For patients who cannot be on systemic immunosuppression for other health reasons such as diabetes or cancer, they may require an artificial corneal transplantation. The artificial corneal transplantation is reserved as a last step for visual rehabilitation in these eyes. The only artificial cornea that has shown potential, is the Boston keratoprosthesis. Even this artificial cornea carries a high risk for infection and glaucoma. Very close monitoring of eyes that have an artificial cornea is required to monitor for infection and glaucoma progression. However these eyes do not require systemic immunosuppression.
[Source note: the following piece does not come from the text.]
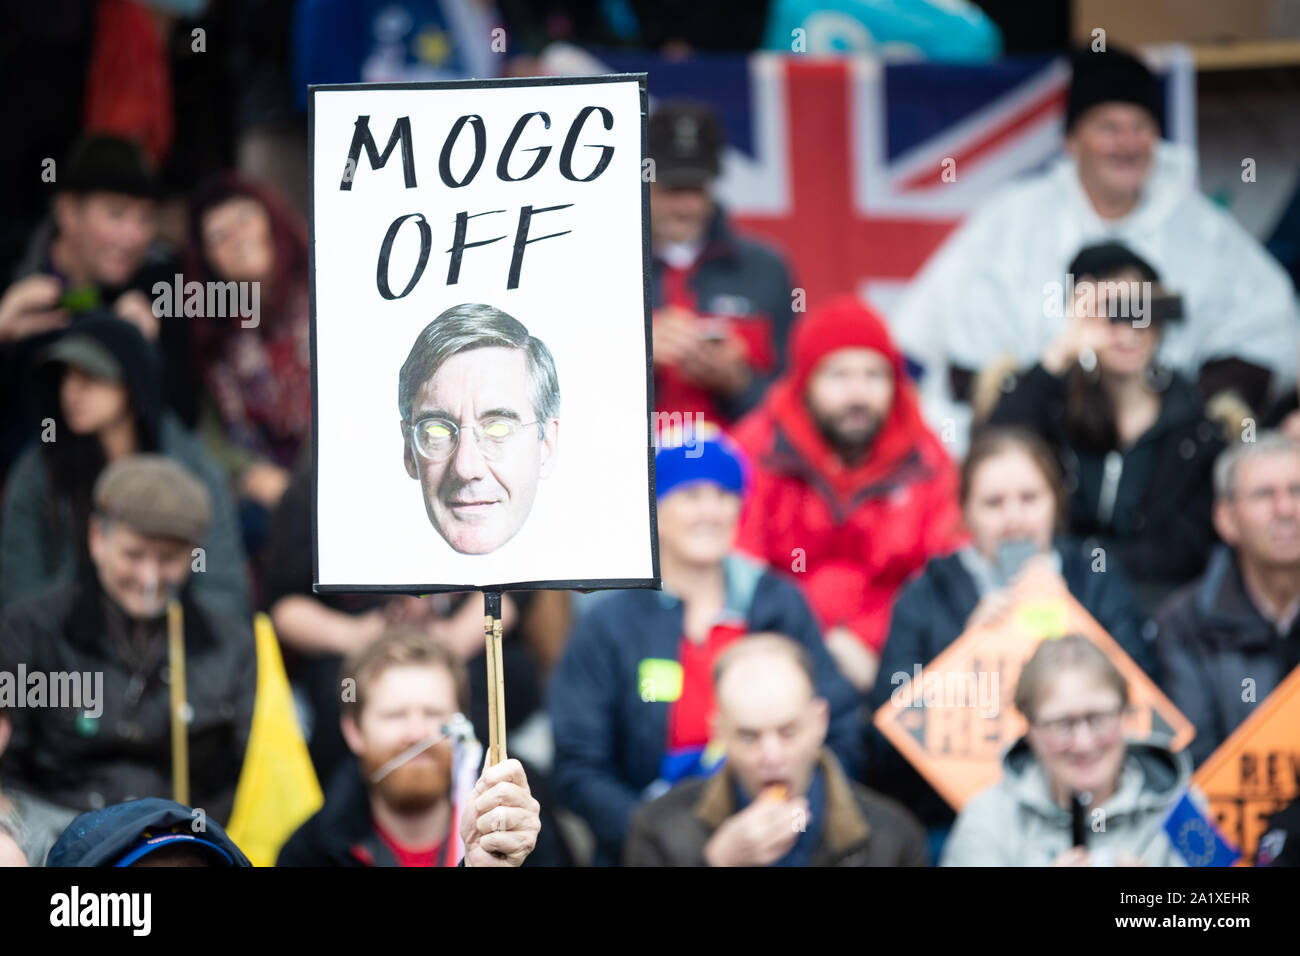 Manchester, UK. 29 September, 2019. Thousands of stop-Brexit demonstrators marched through the city and past the Conservative Party Conference this afternoon. Reject-Brexit supporters from across the country came in response to the anger felt towards the current political situation around Brexit. Andy Barton/Alamy Live News Stock Photo

Eye with Boston keratoprosthesis
Eye with Boston keratoprosthesis


The management of eyes with severe ocular surface disease is a difficult one for the cornea specialist. A subspecialist in severe ocular surface disease and limbal stem cell transplantation is required to manage these very sick eyes. At the Gavin Herbert Eye Institute, we have developed a team approach for the management of severe ocular surface disease patients and have successfully treated and are managing many patients who have otherwise no place to go.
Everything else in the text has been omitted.